The Johns Hopkins Surgery Center for Outcomes Research (JSCOR), Johns Hopkins School of Medicine, Baltimore, MD.
Division of Vascular and Endovascular Surgery, Department of Surgery, Johns Hopkins Bayview Medical Center, Baltimore, MD.

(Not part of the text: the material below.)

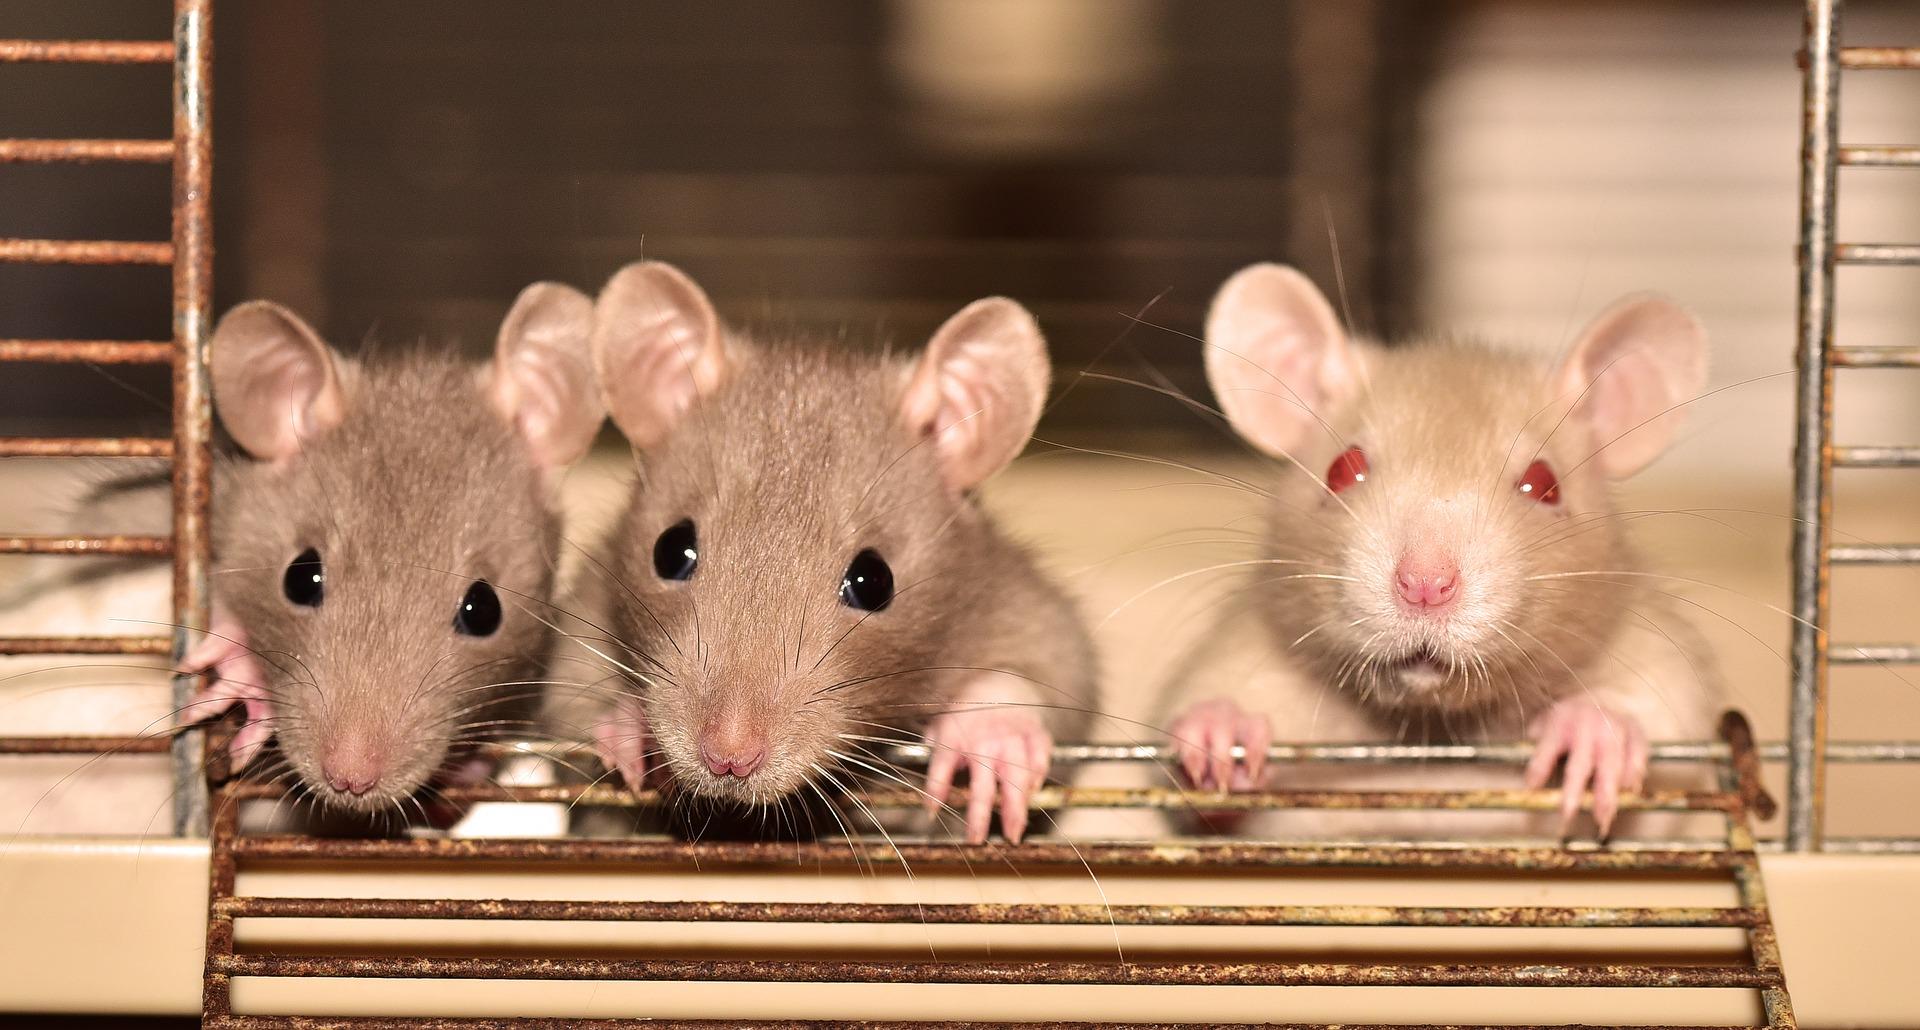 Klatka z szczurami

Ann Surg. 2018 Jun;267(6):1185-1190. doi: 10.1097/SLA.0000000000002291.
To assess the effect of perioperative beta blocker (BB) use on postoperative in-hospital mortality after open repair of abdominal aortic aneurysm (OAR).
Postoperative mortality after OAR ranges from 3.0% to 4.5%. Insight about the effect of BBs on postoperative mortality after OAR is currently lacking.
This is a retrospective study of patients undergoing OAR from 2009-Q3 to 2015-Q1 in the Premier Healthcare Database. The Premier Healthcare Database includes data representing 20% of all inpatient US discharges annually. Patients under 45 years, admitted after a trauma or who underwent multiple aortic repair procedures, were excluded. Multivariable logistic regression models were created to assess the relationship between perioperative BB use and postoperative in-hospital mortality.
Of 6515 patients admitted for OAR, 5423 (83.2%) received perioperative BBs. Patients who received BBs were more likely to develop major adverse events compared with those who did not (45.6% vs 35.2%; P < 0.001); however, failure to rescue was lower among BB users (7.6% vs 19.5%; P < 0.001). In a multivariable logistic regression model, BB use was associated with 57% [odds ratio 0.43, 95% confidence interval (CI) 0.31-0.56, P = 0.001) and 81% (odds ratio 0.19, 95% CI 0.11-0.31, P < 0.001) lower odds of mortality among patients without and with a history of coronary artery disease, respectively. The predicted mortality (95% CI) for patients who did not receive BBs, or received low, intermediate, or high-intensity BBs was 11.6% (8.0%-15.2%), 5.4% (4.4%-6.5%), 2.5% (1.9%-3.0%), and 3.3% (2.3%-4.3%), respectively.
In-hospital use of BBs was associated with a significant reduction in postoperative mortality after OAR. This is the first study to demonstrate a dose-response relationship between BBs and postoperative mortality after OAR.
评估腹部主动脉瘤(OAR)开放修复术后围手术期使用β受体阻滞剂(BB)对住院内术后死亡率的影响。
OAR 术后死亡率范围为 3.0%至 4.5%。目前缺乏关于 BB 对 OAR 术后死亡率影响的相关信息。
这是一项在 Premier Healthcare Database 中回顾性研究 2009 年第三季度至 2015 年第一季度接受 OAR 的患者。Premier Healthcare Database 包含了每年 20%的美国住院患者的数据。排除 45 岁以下、因创伤入院或接受多次主动脉修复手术的患者。创建多变量逻辑回归模型来评估围手术期 BB 使用与术后住院内死亡率之间的关系。
在 6515 例接受 OAR 治疗的患者中,5423 例(83.2%)接受了围手术期 BB。与未使用 BB 的患者相比,使用 BB 的患者更有可能发生重大不良事件(45.6% vs 35.2%;P < 0.001);但 BB 使用者的抢救失败率较低(7.6% vs 19.5%;P < 0.001)。在多变量逻辑回归模型中,BB 使用与无冠心病史和有冠心病史的患者的死亡率降低 57%[比值比 0.43,95%置信区间(CI)0.31-0.56,P = 0.001]和 81%(比值比 0.19,95% CI 0.11-0.31,P < 0.001)相关。未接受 BB 治疗、接受低、中、高强度 BB 治疗的患者的预测死亡率(95%CI)分别为 11.6%(8.0%-15.2%)、5.4%(4.4%-6.5%)、2.5%(1.9%-3.0%)和 3.3%(2.3%-4.3%)。
OAR 术后围手术期使用 BB 与术后死亡率显著降低相关。这是第一项证明 BB 与 OAR 术后死亡率之间存在剂量反应关系的研究。